Property Division Divorce Lawyers
What is family property?
Family property, or marital assets, are property acquired during the marriage, specifically, after the date of marriage and before the date of separation. Any asset acquired during this period, regardless of which spouse acquired it, so long as it still exists at the date of separation, is considered family property.
Property division divorce lawyers can advise clients when it comes to determining what counts as marital assets and what does not.
Part I of the Family Law Act (FLA) govern the division of family property for married spouses. Common law spouses are not subject to the FLA and as such do not have the same entitlements, see below for information about common law spouses and property division. Under the FLA, the system used for dividing family property is a “deferred community-of property” regime. The idea is that upon marriage, each spouse is automatically entitled to share equally in the profits of the marriage.
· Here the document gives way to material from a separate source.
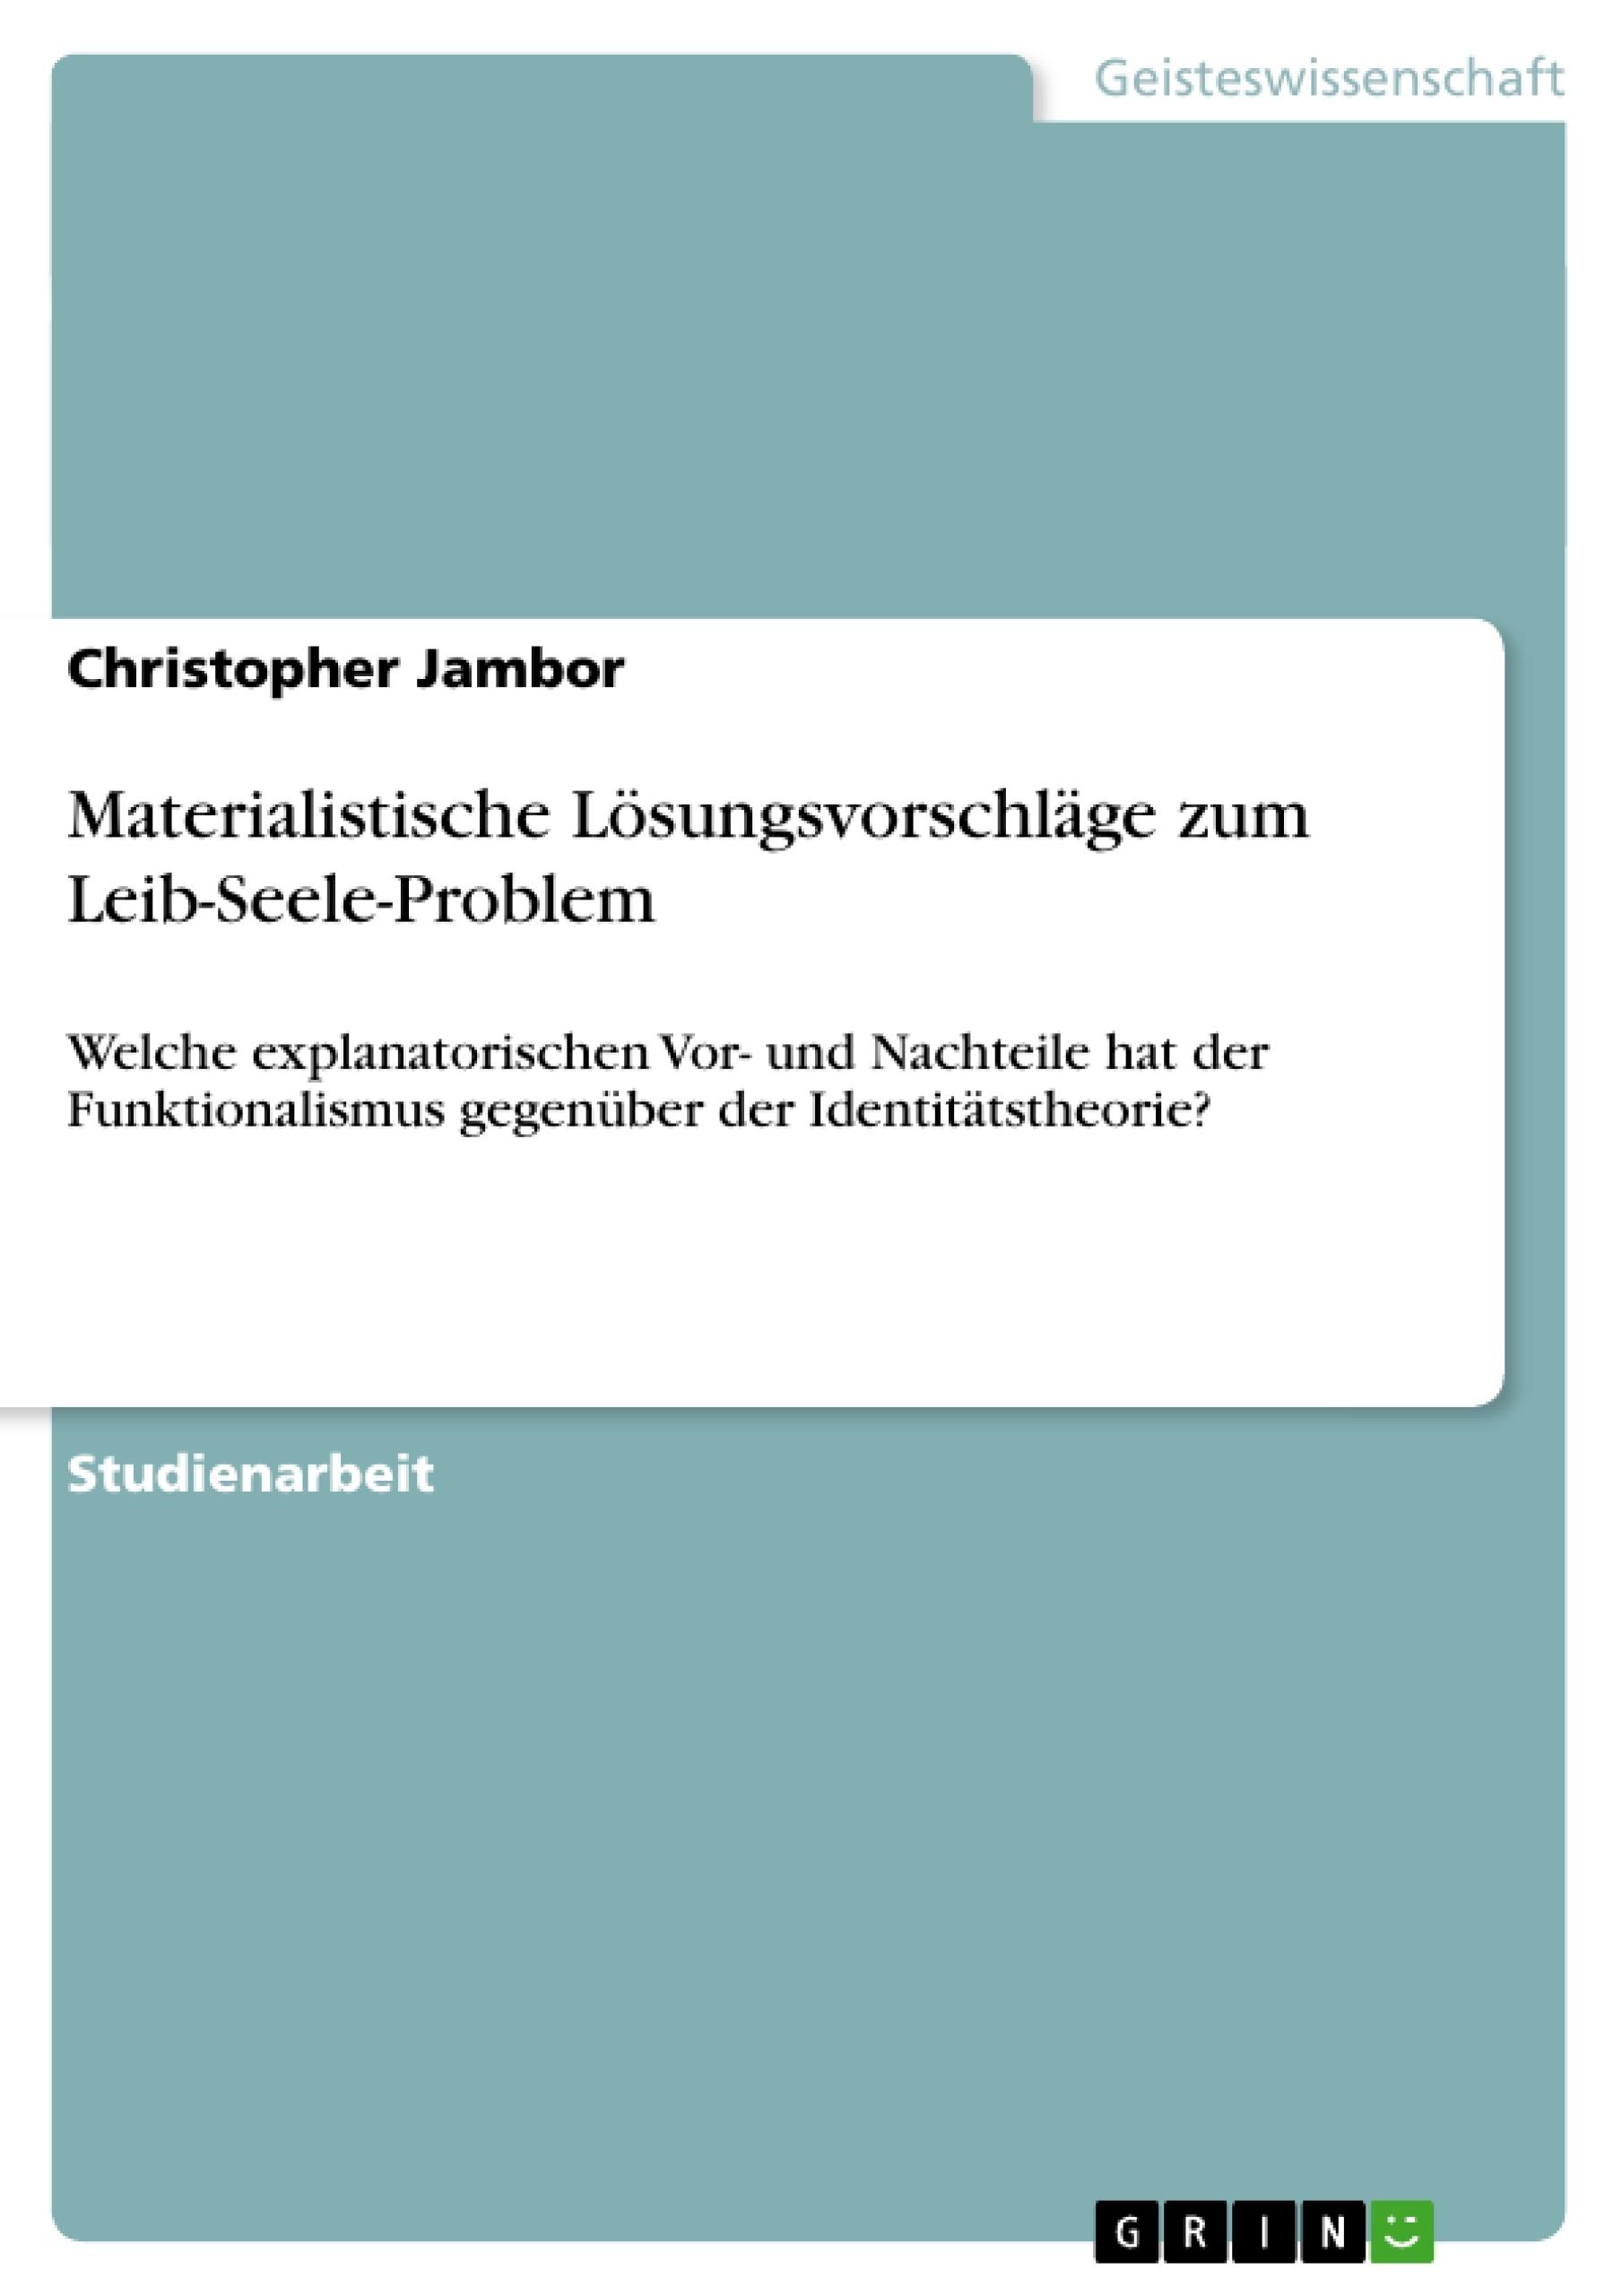 Titel: Materialistische Lösungsvorschläge zum Leib-Seele-Problem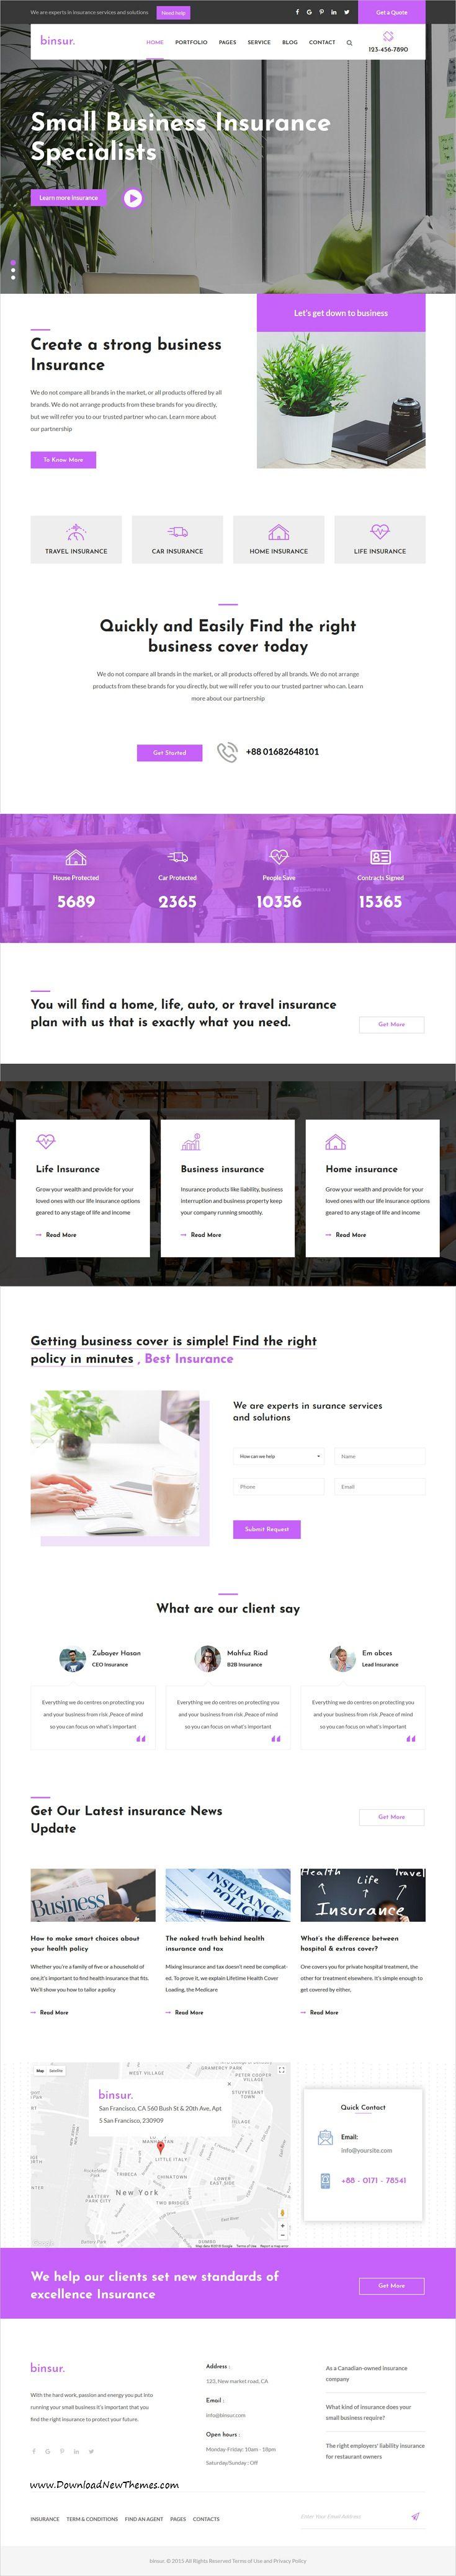 Binsure Insurance-Agency HTML Template | Insurance agency, Template ...

In Canada, marriage is seen as an economic partnership and property division divorce lawyers incorporate this principle into their legal work and representation. As a result, and for the purposes of dividing family property during divorce, there are two important dates: (1) the date of marriage; and (2) the valuation date (sometimes called the separation date). These dates represent the beginning and end date of the economic partnership. While the date of marriage is usually uncontentious, the date of separation can sometimes be a major point of disagreement as it plays a significant role in determining net family property values.
What assets are divided in divorce?
All property acquired between the date of marriage and the valuation/separation date are marital property and, as such, subject to Ontario’s family property division regime, so long as they still exist at the date of separation. Property includes things like real property (homes, land, cottages, vacation properties), personal property (jewellery, furniture, art), vehicles (cars, trucks, motorcycles, recreational vehicles), investments, pensions, outstanding loan amounts owed to one of the spouses and intangible property such as intellectual property. Some property may be excluded, such as inheritances or gifts, so long as they cannot be traced to the matrimonial home. To ensure you correctly include and exclude property, be sure to consult with property division divorce lawyers, not doing so comes with the risk of missing out on your share in an asset or unknowingly sharing an asset you could have excluded.
When is the valuation date?
The Family Law Act defines the “valuation date” as the earliest of the following dates:
1. The date the spouses separate and there is no reasonable prospect that they will resume cohabitation.
2. The date a divorce is granted.
3. The date the marriage is declared a nullity.
4. The date one of the spouses commences an application based on subsection 5 (3) (improvident depletion) that is subsequently granted.
5. The date before the date on which one of the spouses dies leaving the other spouse surviving.
It is important to pick the right date and property division divorce lawyers can help you define the valuation date for your family law matter.
How are assets divided in a divorce in Ontario?
In Ontario, generally, marital assets (acquired after the date of marriage and still in existence at the date of separation) are divided equally between the spouses. This does not mean they are physically divided equally. Married spouses are entitled to an equal share in the value of the marital assets, not the assets themselves. Property division divorce lawyers help clients ensure a fair division of the marital assets. To simplify things, the end result of Ontario’s family property division is an equalization paid by the spouse with the greater net family property value acquired during the marriage to the spouse with the lower net family property value. The equalization payment is half the difference between the spouses net family property.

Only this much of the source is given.